BasharAssad_Jan4
Syria's President Bashar al-Assad (C) prays during a religious ceremony on the occasion of Prophet Mohammed's birthday at Al-Afram mosque in Damascus on Jan. 4, 2015, in this handout photograph released by Syria's national news agency SANA. Reuters

Reacting to last week’s attacks in Paris that claimed the lives of 17 people, Syrian President Bashar Assad said that while he sympathized with the victims' families, the attacks were the result of Western politicians being “short-sighted and narrow-minded,” according to a report published Wednesday by SANA, Syria's state-run news agency.

“We are against killing innocent people anywhere in the world … this is our principle,” Assad reportedly told Literární noviny, a Czech monthly magazine. “At the same time, we want to remind many people in the West that we have been talking about these repercussions since the beginning of the crisis in Syria. We have been saying, you shouldn’t support terrorism and provide it with a political umbrella, because this will reflect on your countries and your people. They didn’t listen to us.”

According to the report, Assad also said that last week’s events in France “proved that what we said was true,” and urged countries fighting terrorism to share intelligence.

“Fighting terrorism doesn’t need an army, but needs good policies … there should be an exchange of information among the countries concerned with fighting terrorism,” Assad reportedly said.

Since the start of the civil war in Syria in 2011, Assad has accused Western nations, including the U.S., of fomenting unrest in the country by providing training and arms to Sunni rebels whom the Syrian government has labeled as “terrorist” groups.

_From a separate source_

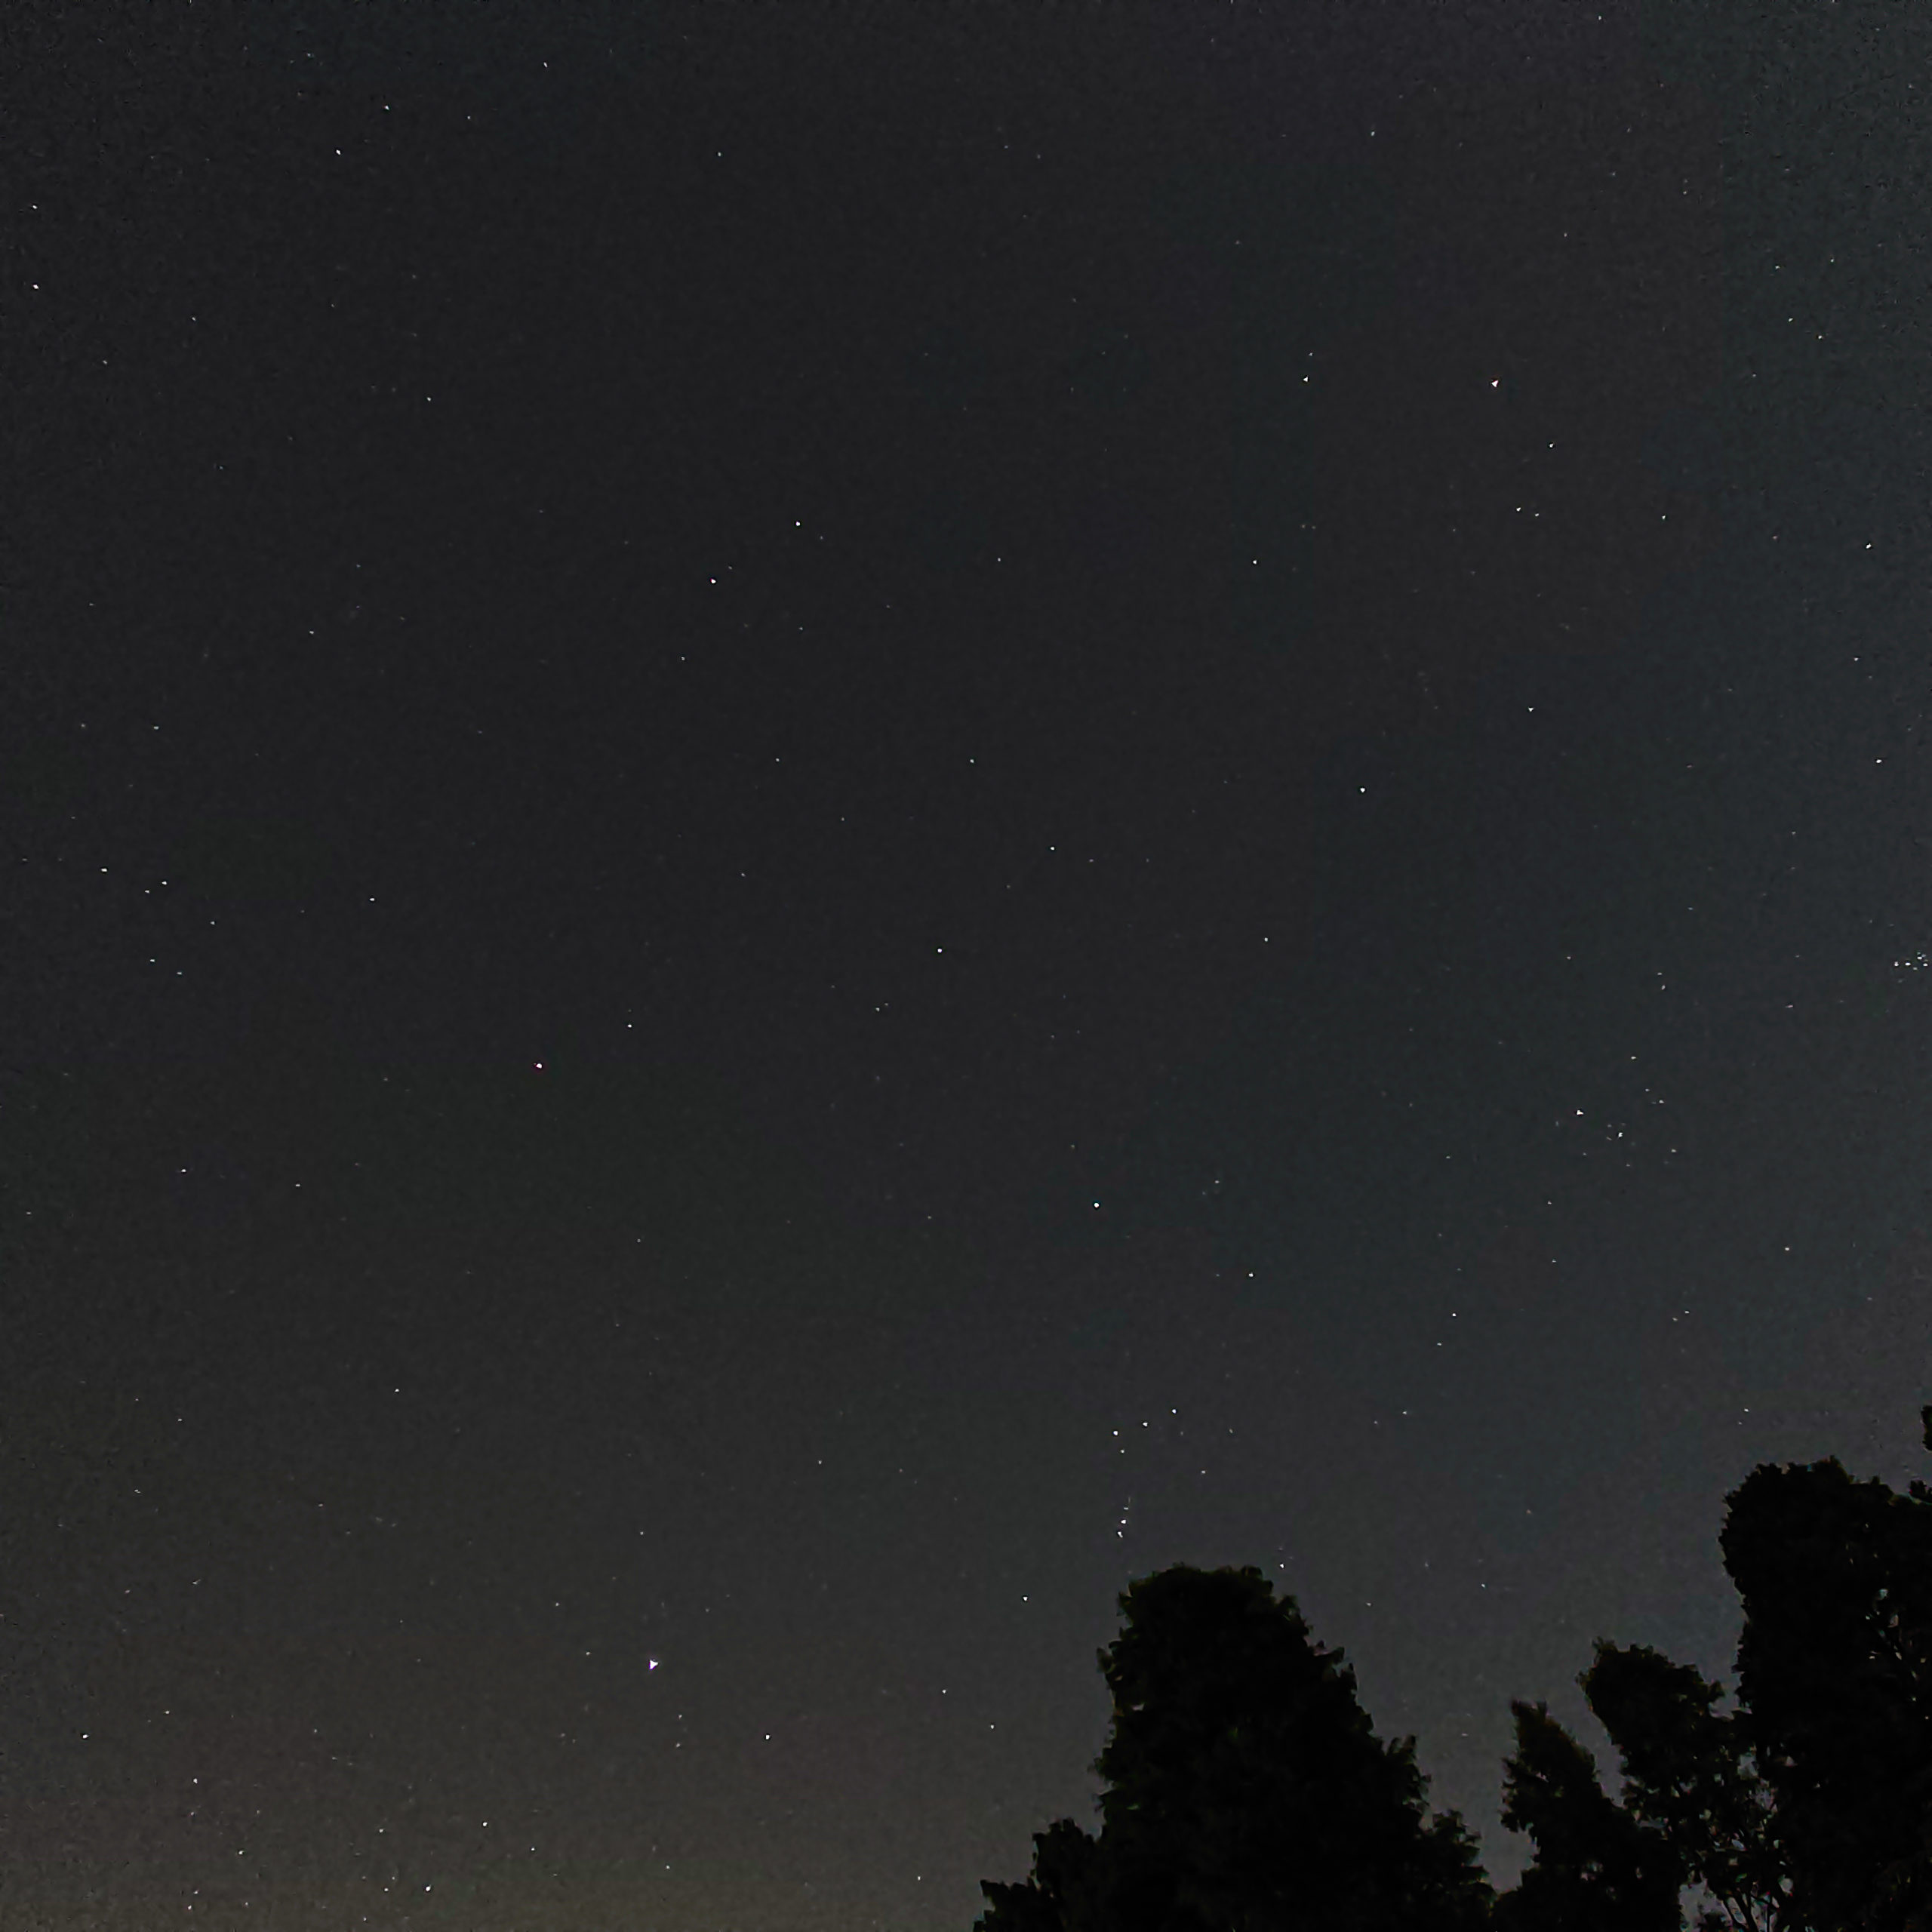 オリオン座 スマホで写真をとってみた 星空部 スマホで星をもっと身近に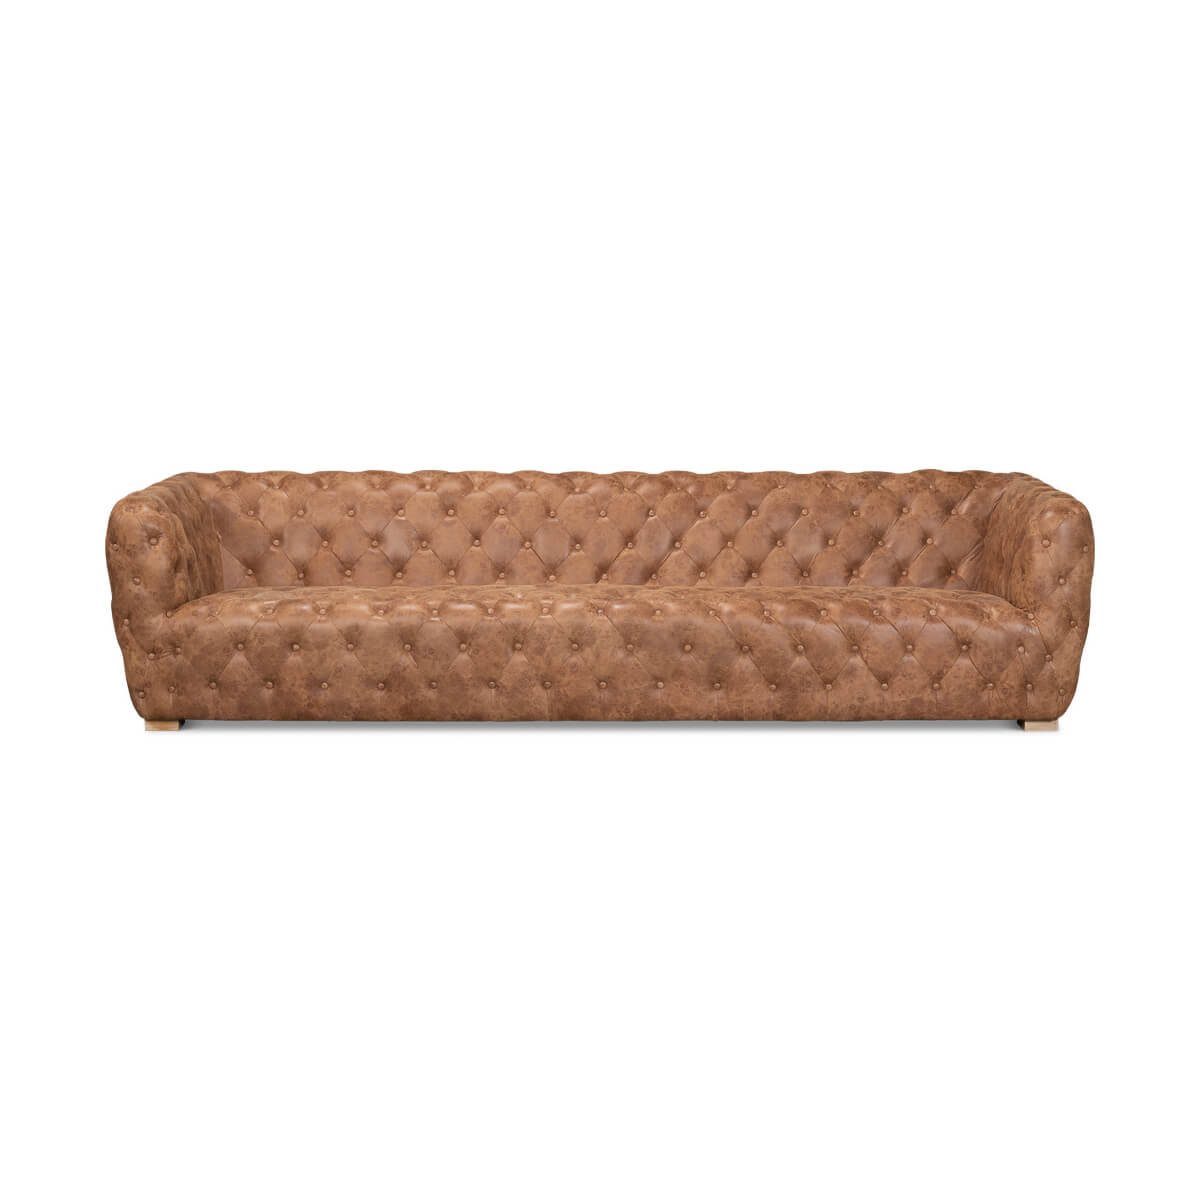 Contemporary Tufted Leather Sofa - English Georgian America

The U.S. has accused Assad of clinging to power illegally and indulging in human rights violations.

Meanwhile, reacting to the release of the first issue of Charlie Hebdo since the attack on its office last Wednesday, Iran called the newspaper's cover depicting a weeping Prophet Muhammad holding a sign that reads, “Je suis Charlie,” ("I am Charlie"), an insult to Islam, according to media reports.

The cover “provokes the emotions of Muslims and hurts their feelings around the world, and could fan the flame of a vicious circle of extremism,” a spokesperson for the Iranian foreign ministry reportedly said.

Although Iran had, at the time, strongly condemned the attack on the newspaper’s office, terming it a “complete contradiction to Islamic teachings,” the Iranian official, in her latest comments, said that the new cartoon was “an abuse of freedom of speech” and was “not acceptable,” according to media reports.